Regarding culture shock, CRNA school was great but for BSN I found that professors were very discouraging when I was in school, "most of you won't be here in 3 mos."/"half of you will fail"/majority of testing uses trickery instead of inspiring critical thinking/A lack of pbl. And I graduated 2nd in my class so it's not like I have a personal axe to grind. Not one person in my class or the one after achieved a cum laude designation due to the crazy grading scale compared to the rest of the school. My original BA and MBA school were very very different. we have a culture where the old eat the young, and now the young are eating the old. Burnout in our field is very high. I think we have done a poor job of making the public aware of what we do, I believe part of that to be due to such a large variety of post-nominal initials (lvn VS lpn, DNP VS dnap etc). Nurses are worked to the bone, it's nothing new... And yet no solutions yet. I'm trying to be a part of the change.
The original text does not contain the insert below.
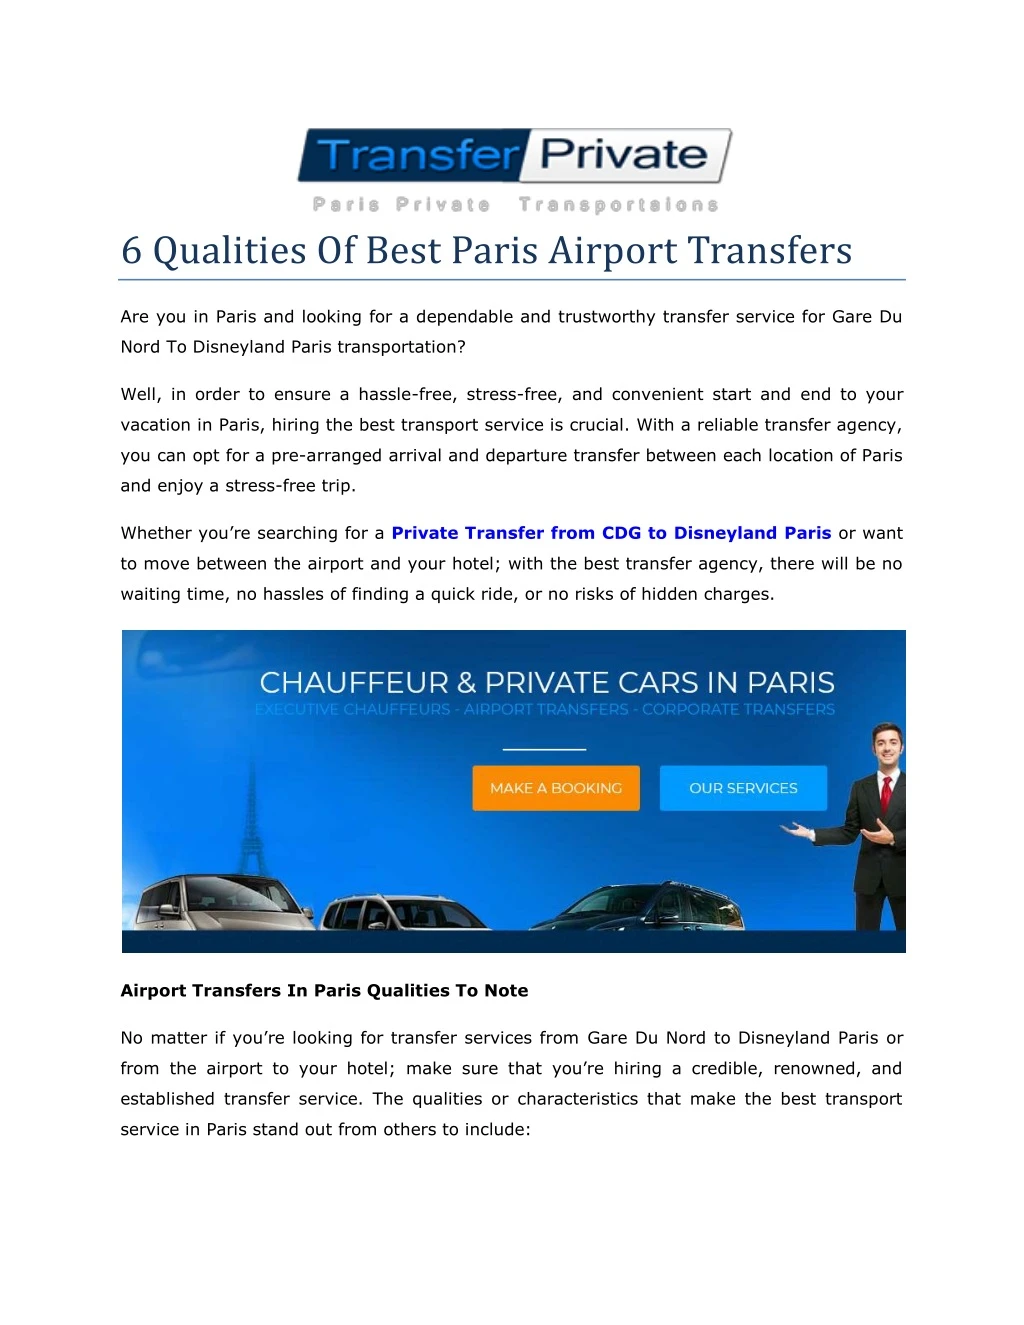 6 qualities of best paris airport transfers

I just don't necessarily think that doctorate VS masters will contribute positively to the field overall.

Specializes in Critical Care.

Oh and lastly, I come on here with a different opinion and I'm labeled a troll. That shocked me

I never had any of this weirdness for my BSN. I was an ADN grad.
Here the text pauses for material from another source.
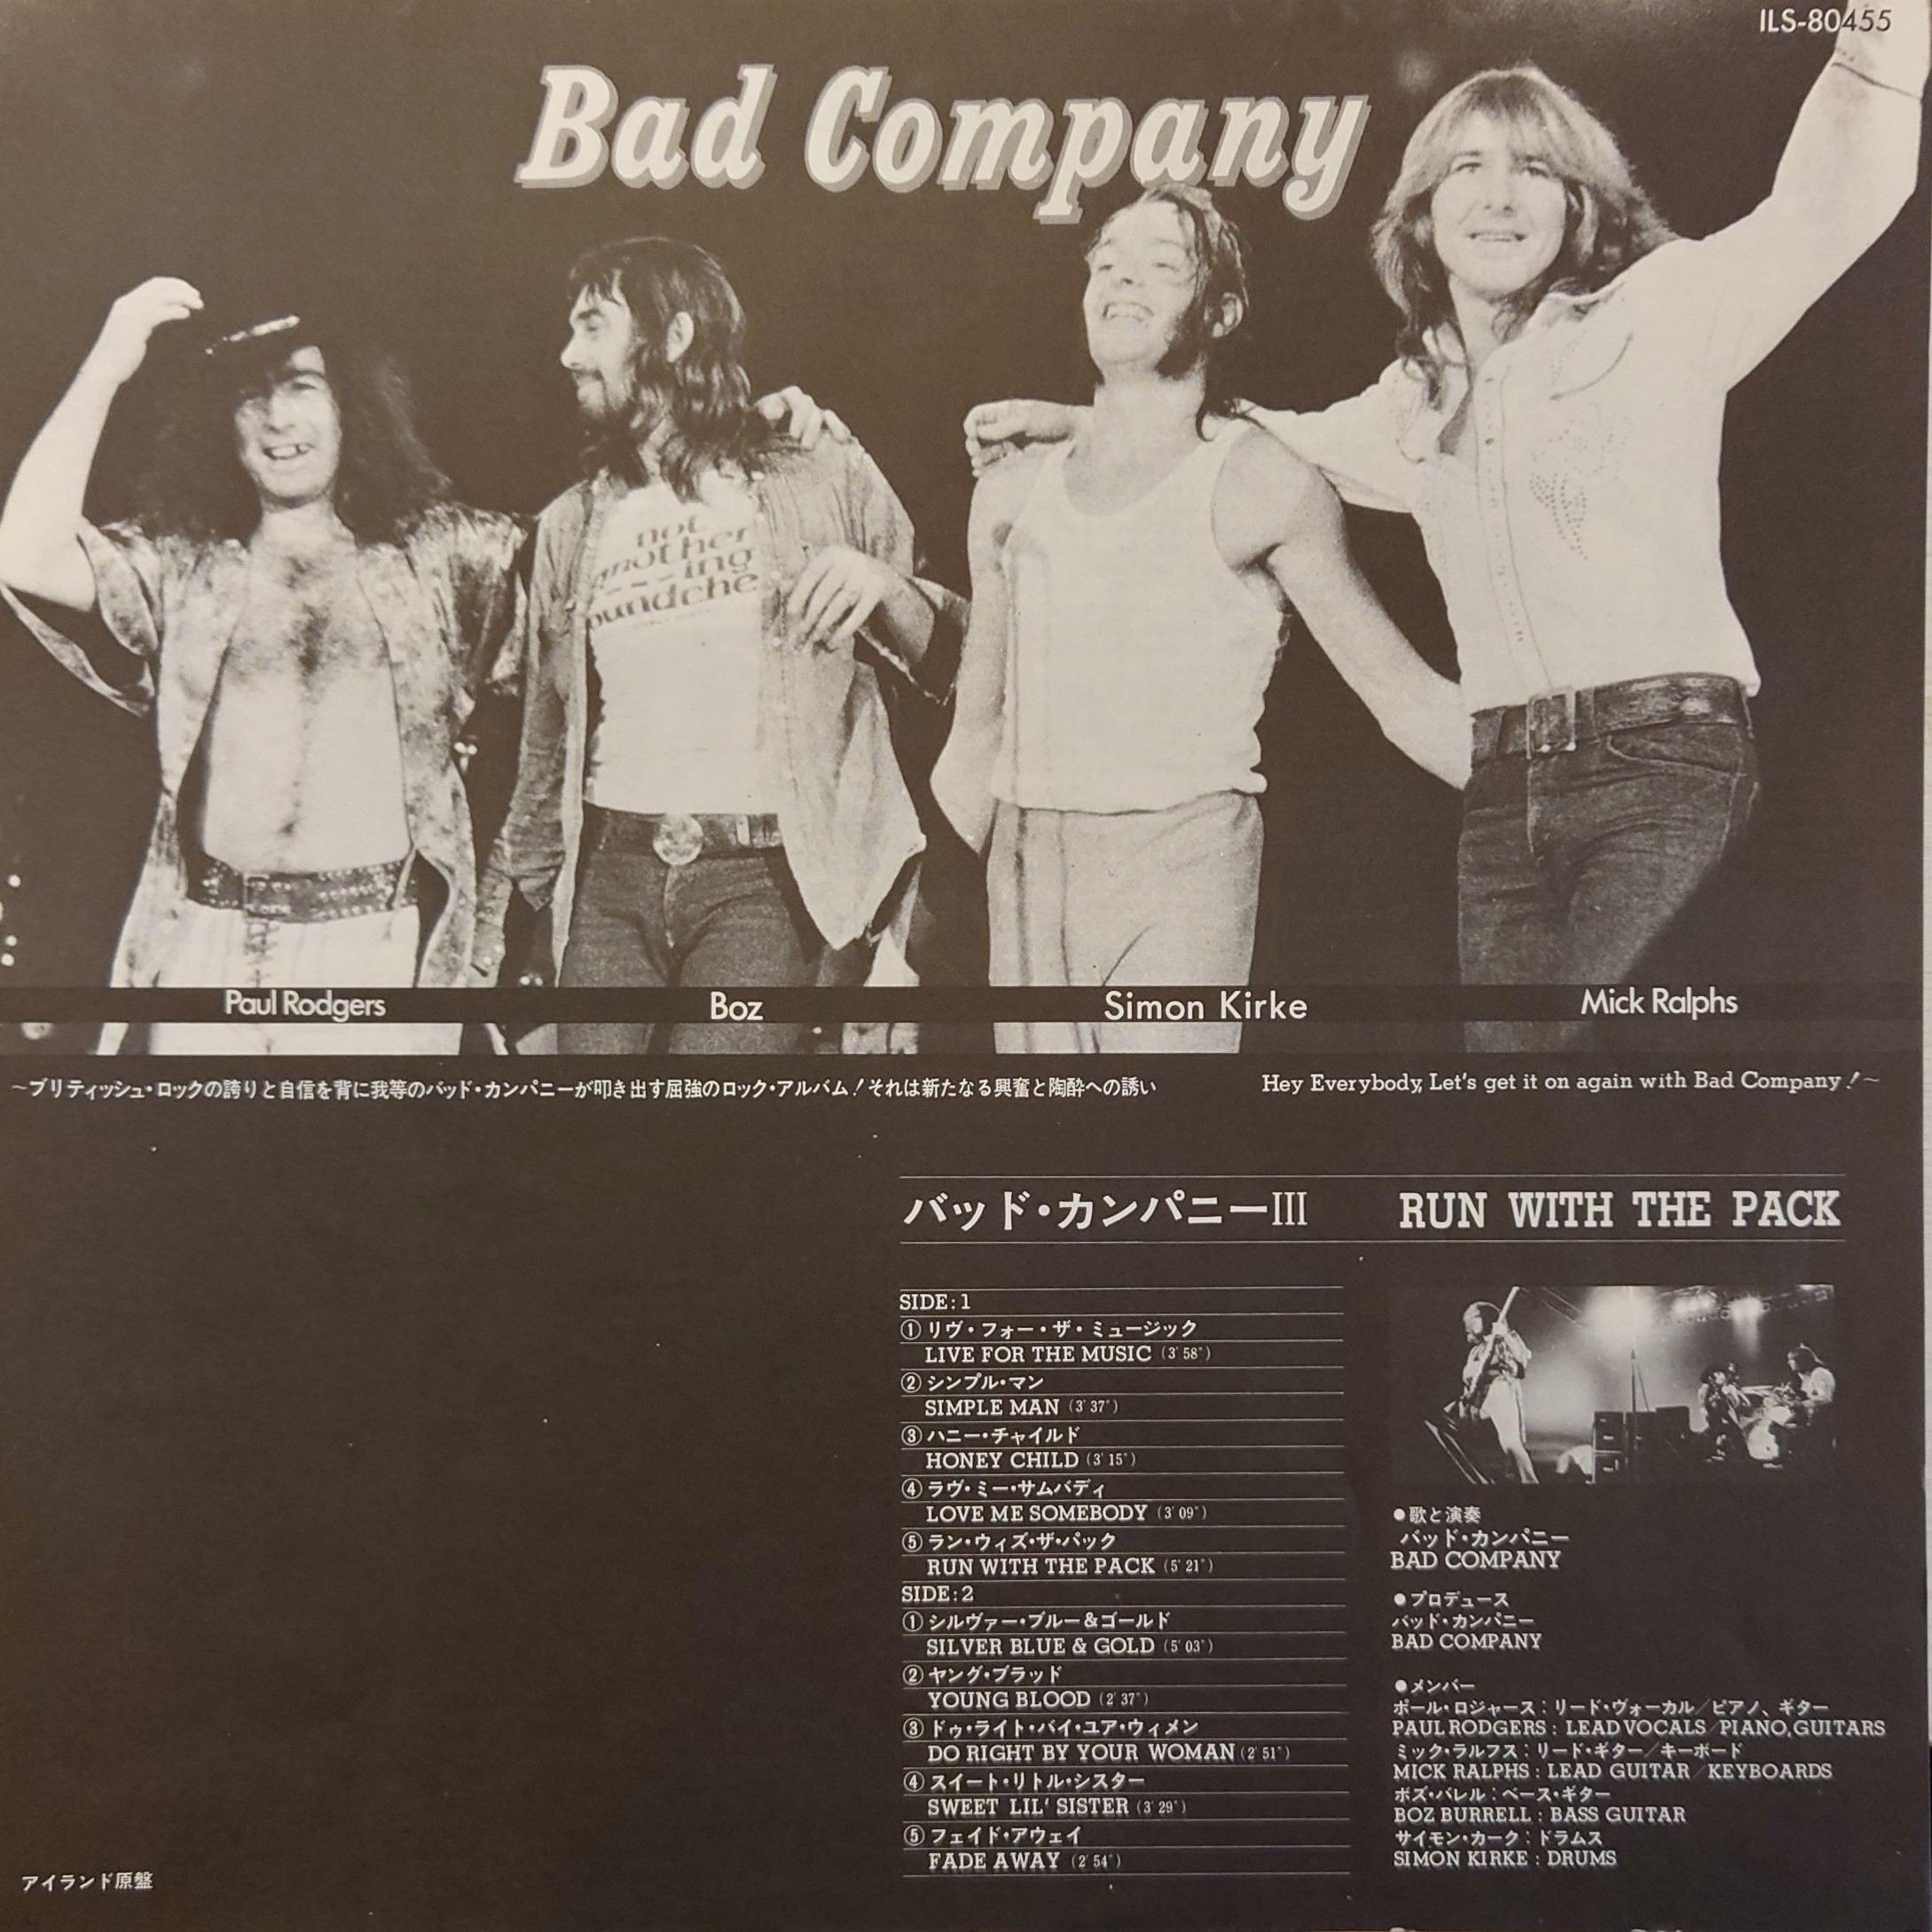 Bad Company Run With The Pack 中古レコード通販 買取のアカル レコーズ

We were required to take the toughest course first, and if you passed that, your odds were very good. There were no silly games about who will make it.

No class I ever took in all my years, including my MSN, was ever harder than my first A and P class in my ADN class at the CC.

Not even close.

Now I hear about people who get their RN at the BSN level and then can't pass NCLEX.

Something is extremely wrong.

If a DNP is only a few extra months, as you say, how meaningful is it?

I have repeatedly made the embarrassing argument that the DNP is not remotely close to other doctorates.

I refuse it. It is bull fecal matter.

Specializes in anesthesiology.

I really don't think the MSN vs DNP job competition will ever be a thing for CRNAs. To be extra competitive in the job market as a CRNA means you are capable of practicing independently, are proficient in regional anesthesia, and comfortable with OB and peds. You are a provider and your skills make you valuable.

Specializes in CRNA.
On 10/14/2019 at 7:14 PM, Oldmahubbard said:

If a DNP is only a few extra months, as you say, how meaningful is it?

I have repeatedly made the embarrassing argument that the DNP is not remotely close to other doctorates.

I refuse it. It is bull fecal matter.

MS nurse anesthesia programs have evolved into super master’s degrees. 30 continuous months and 80 credits. The regional accreditors were questioning the extensive requirements for a MS. So the reason the DN(A)P is 6 months longer is the MS was not really a MS anymore. The doctoral CRNA programs are every bit as rigorous as a DPT or PharmD. The degree is far from bull fecal matter.

Cuppidee-that nursing program culture sounds annoying. Partly due to the huge emphasis on first attempt board pass rates as a proxy for quality. Other professions don’t put the onus for passing boards on the educational program the way nursing does. I thought you might be referring to nursing denigrating advanced degrees. That’s been a part of the culture for a long time. I earned a BSN in 1984 and didn’t wear my school pin (which was commonly done by RNs) because it was viewed negatively.

Burn out is an issue for a lot of health care providers, including nurses. But I can’t imagine doing anything else. I believe the future has never been brighter and the doctoral degree is a positive natural evolution of the profession. The people entering the profession are impressive!

Specializes in CRNA.
1 hour ago, Cuppideecake said:

Oh and lastly, I come on here with a different opinion and I'm labeled a troll. That shocked me

I think that’s just an online anonymity thing.